**REQUIRED ACTION**
Below are some records. Retype exactly the lines from the one containing "LG Electronics LDX-514" through the one containing "Frau Hände halten", both included, skipping every picture.

**EXERCISE DATA**
========================================
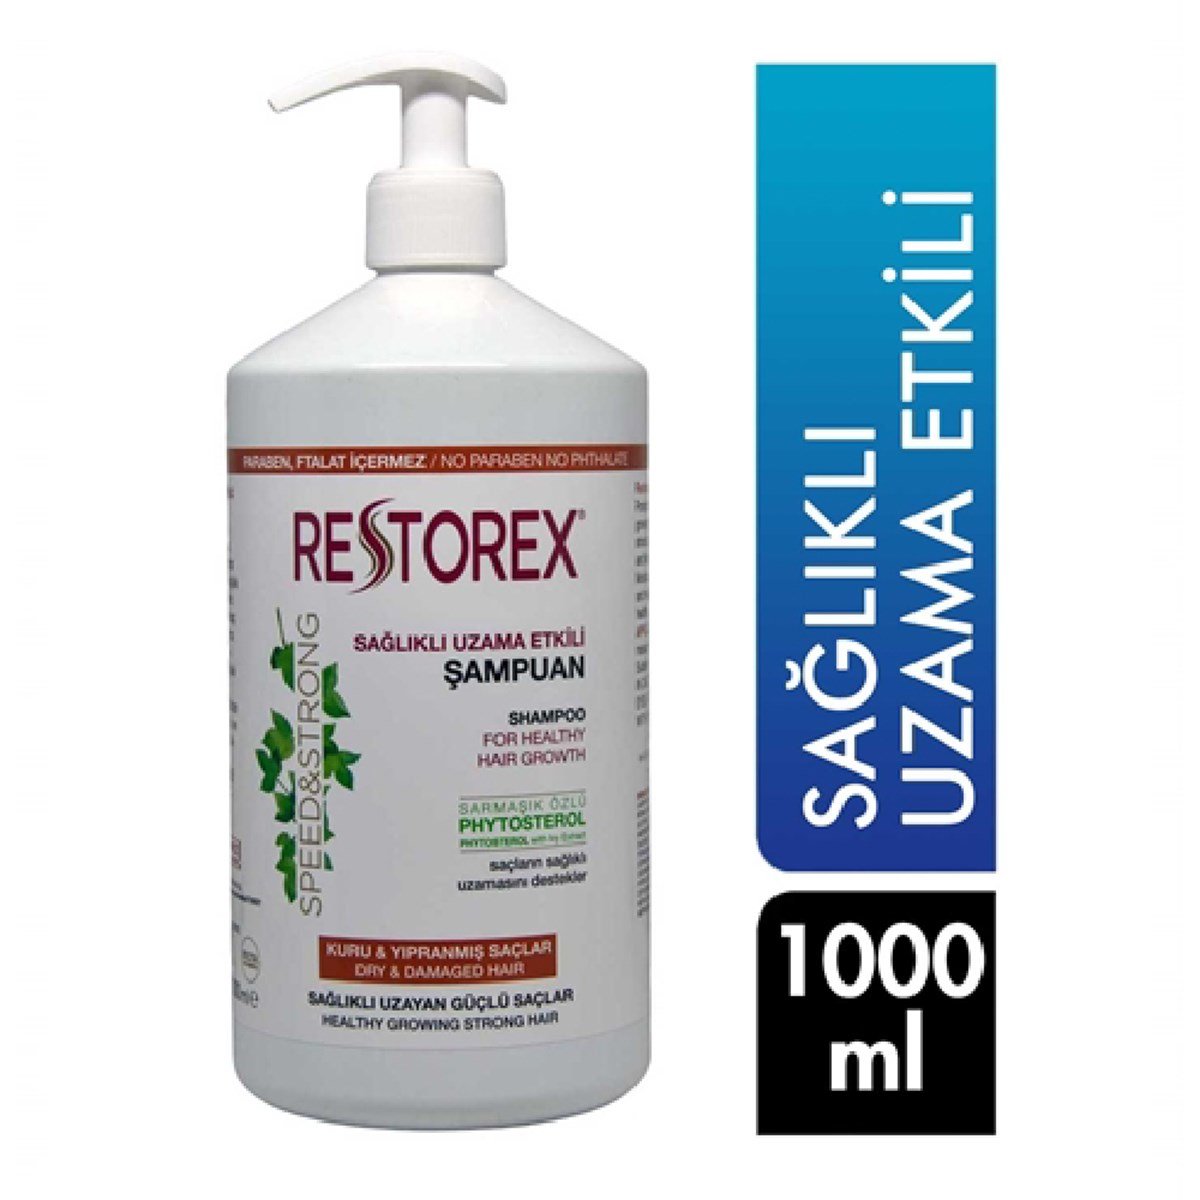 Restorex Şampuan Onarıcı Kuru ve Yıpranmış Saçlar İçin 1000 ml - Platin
========================================
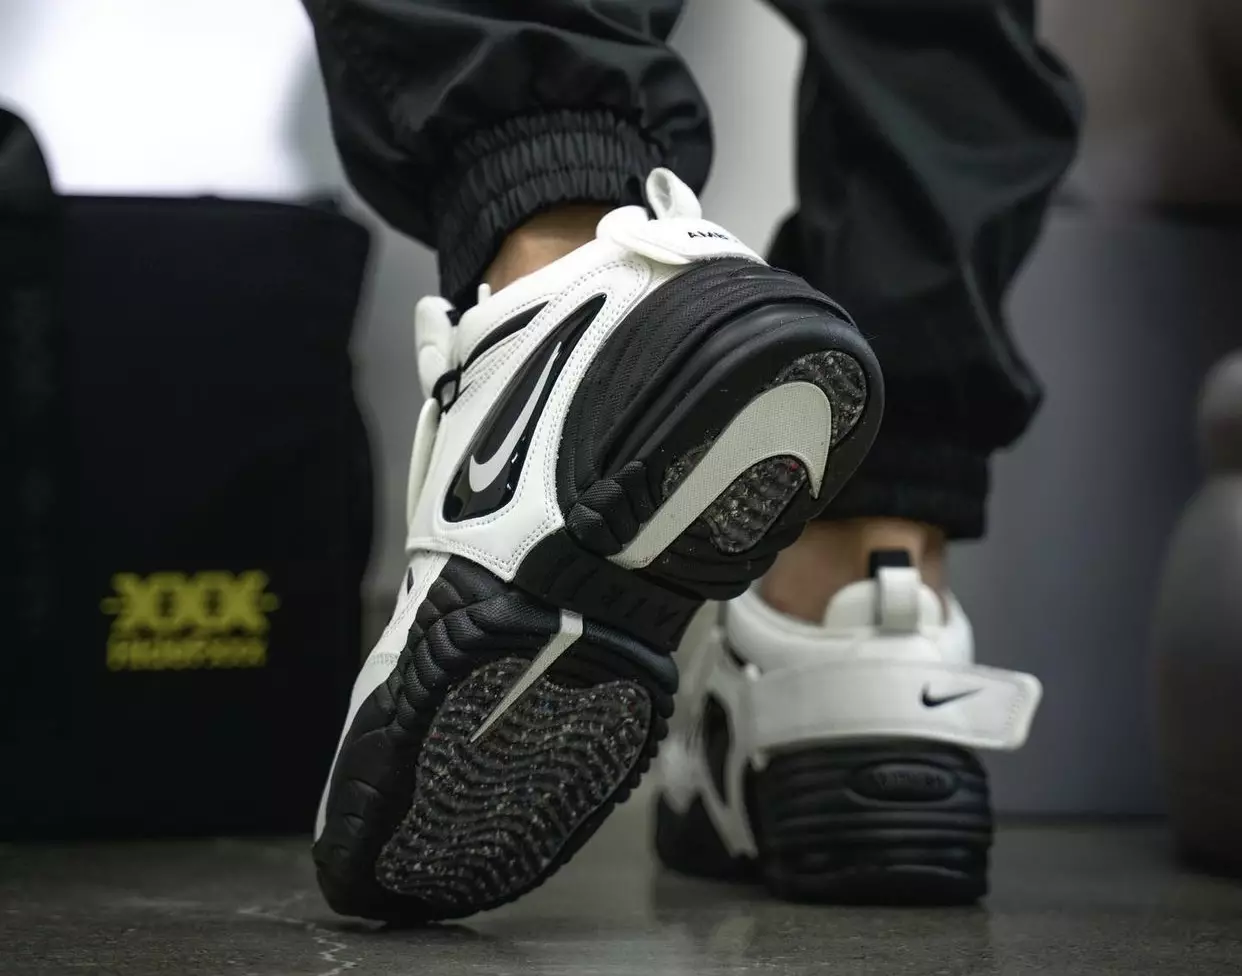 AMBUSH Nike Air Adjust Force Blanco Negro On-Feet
========================================
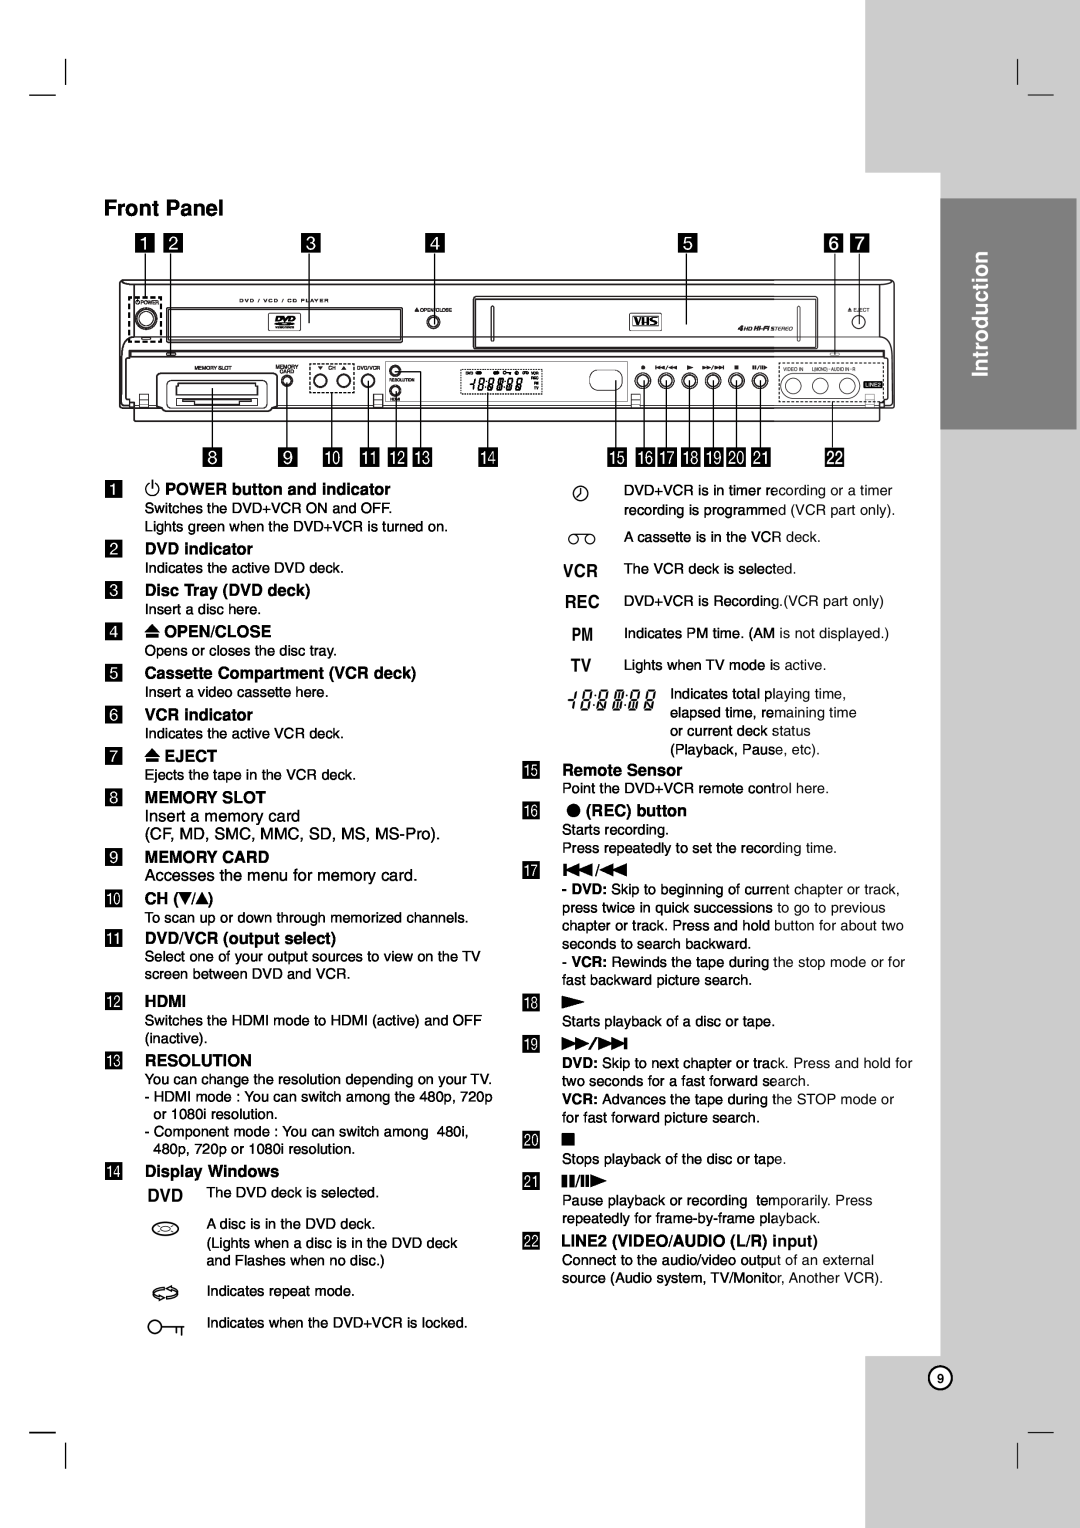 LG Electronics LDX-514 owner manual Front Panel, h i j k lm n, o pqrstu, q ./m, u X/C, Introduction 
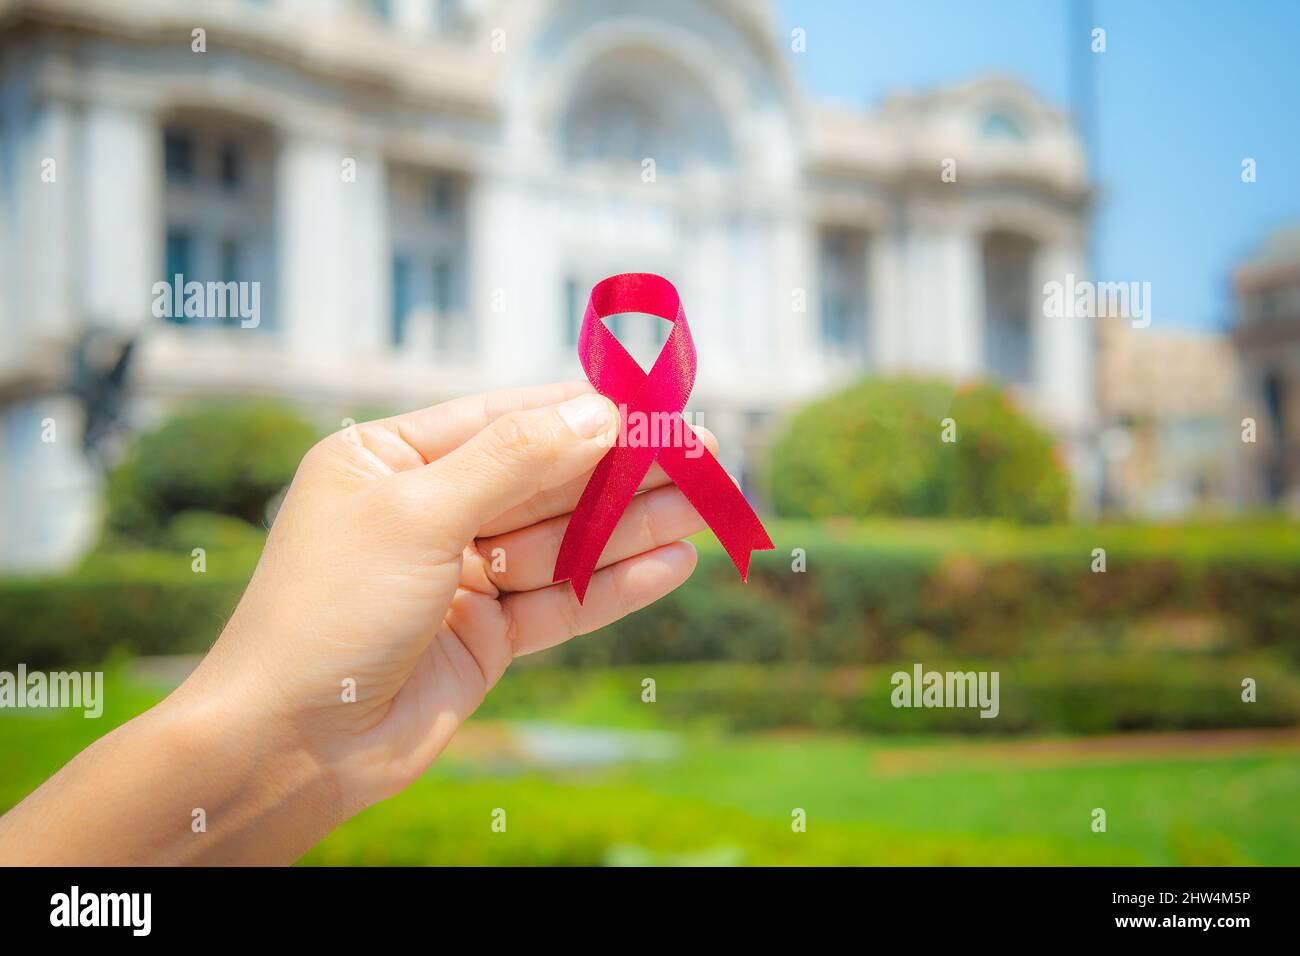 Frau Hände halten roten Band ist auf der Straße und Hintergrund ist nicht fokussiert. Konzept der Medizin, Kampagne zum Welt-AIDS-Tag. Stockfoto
========================================
**COMPLETED EXERCISE**
 LG Electronics LDX-514 owner manual Front Panel, h i j k lm n, o pqrstu, q ./m, u X/C, Introduction 
 Frau Hände halten roten Band ist auf der Straße und Hintergrund ist nicht fokussiert. Konzept der Medizin, Kampagne zum Welt-AIDS-Tag. Stockfoto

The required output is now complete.